In a conscious effort to grant his intuition freer rein, Stieglitz sought to photograph subjects over which he had little control. Forsaking slow and deliberate composition for quick reaction, he started making snapshots, including a joyous, almost cinematic series of eighteen photographs of Rebecca Strand swimming nude and toweling dry (Key Set number 751).

Music—A Sequence of Ten Cloud Photographs,

Alfred Stieglitz, Music—A Sequence of Ten Cloud Photographs, No. III, 1922, palladium print, National Gallery of Art, Washington, Alfred Stieglitz Collection, 1949.3.831
Key Set number 795

Stieglitz’s interest in seriality, intuition, and expression culminated in his unprecedented series of cloud photographs, which preoccupied him for most of the decade. His first series of ten photographs, made in 1922 with a large, 8 × 10-inch view camera, depicts clouds over the hills of Lake George (Key Set number 795). In the summer of 1923, Stieglitz became obsessed with photographing clouds, making more than 150 pictures. But now using a handheld camera that he could point anywhere in the sky, he was able to eliminate any reference to the ground (Key Set number 944). The resulting photographs are disorienting: with no anchor for the viewer and no sense of scale, they are simultaneously representational and abstract.

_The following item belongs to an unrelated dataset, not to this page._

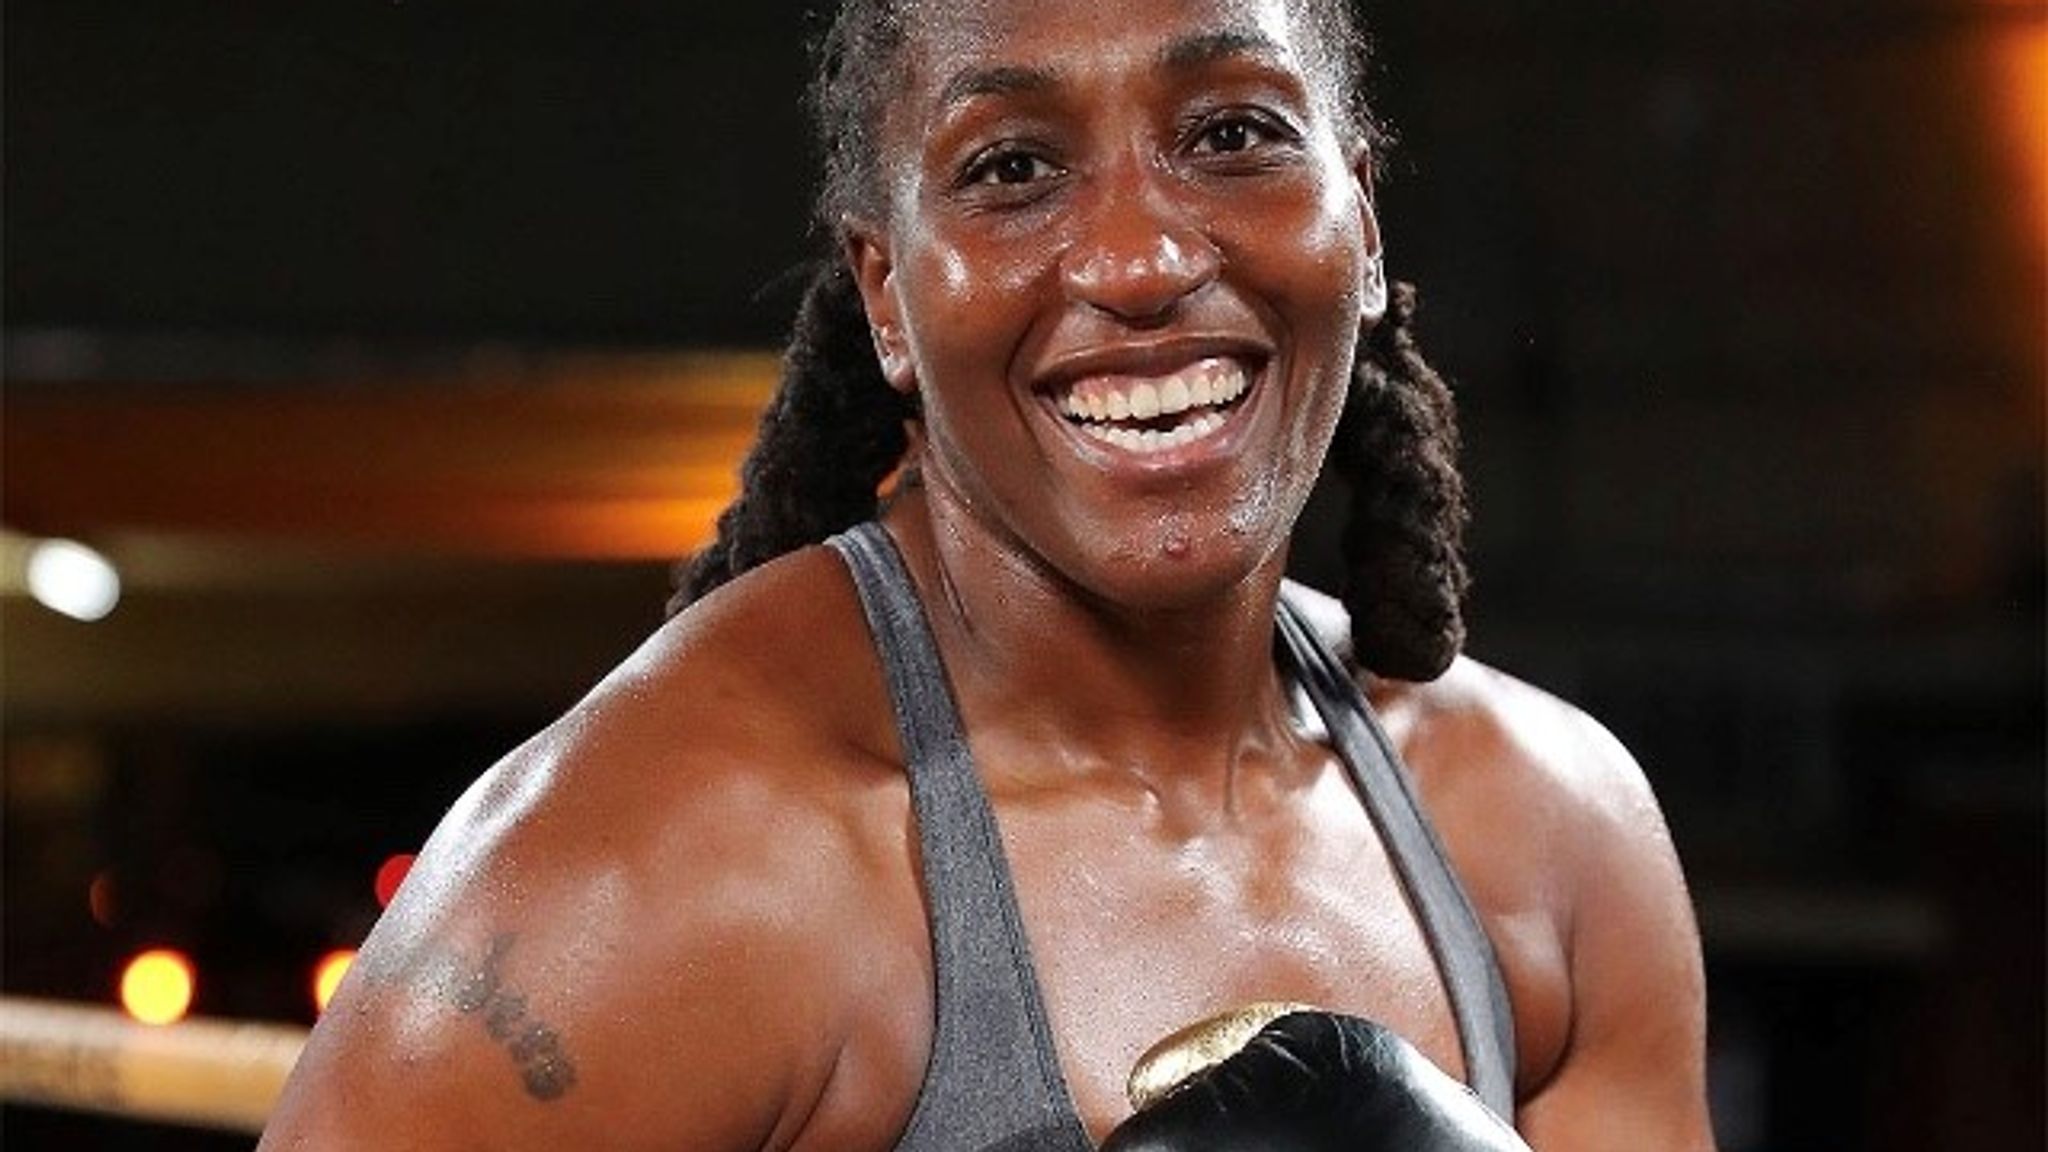 Danielle Perkins: Heavyweight champ? After life-changing accident

Alfred Stieglitz, Songs of the Sky, 1923, gelatin silver print, National Gallery of Art, Washington, Alfred Stieglitz Collection, 1949.3.947
Key Set number 944

Alfred Stieglitz, Equivalent, 1925, gelatin silver print, National Gallery of Art, Washington, Alfred Stieglitz Collection, 1949.3.1159
Key Set number 1114

Stieglitz referenced music in the titles of his cloud photographs from 1922 (Music: A Sequence of Ten Cloud Photographs) and 1923 (Songs of the Sky), linking the abstraction inherent in music to the forms of the clouds. But starting in 1925, he began calling them Equivalents—a recognition that he saw the clouds as a vehicle to reveal his own thoughts and feelings (Key Set number 1114). As Stieglitz would later say, he saw the cloud photographs as “equivalents of my most profound life experience.”

For exhibitions, Stieglitz grouped the photographs into series. However, the series were not sequential or immutable, and the same photograph could appear in several series, sometimes oriented differently—always a reflection of Stieglitz’s subjective state.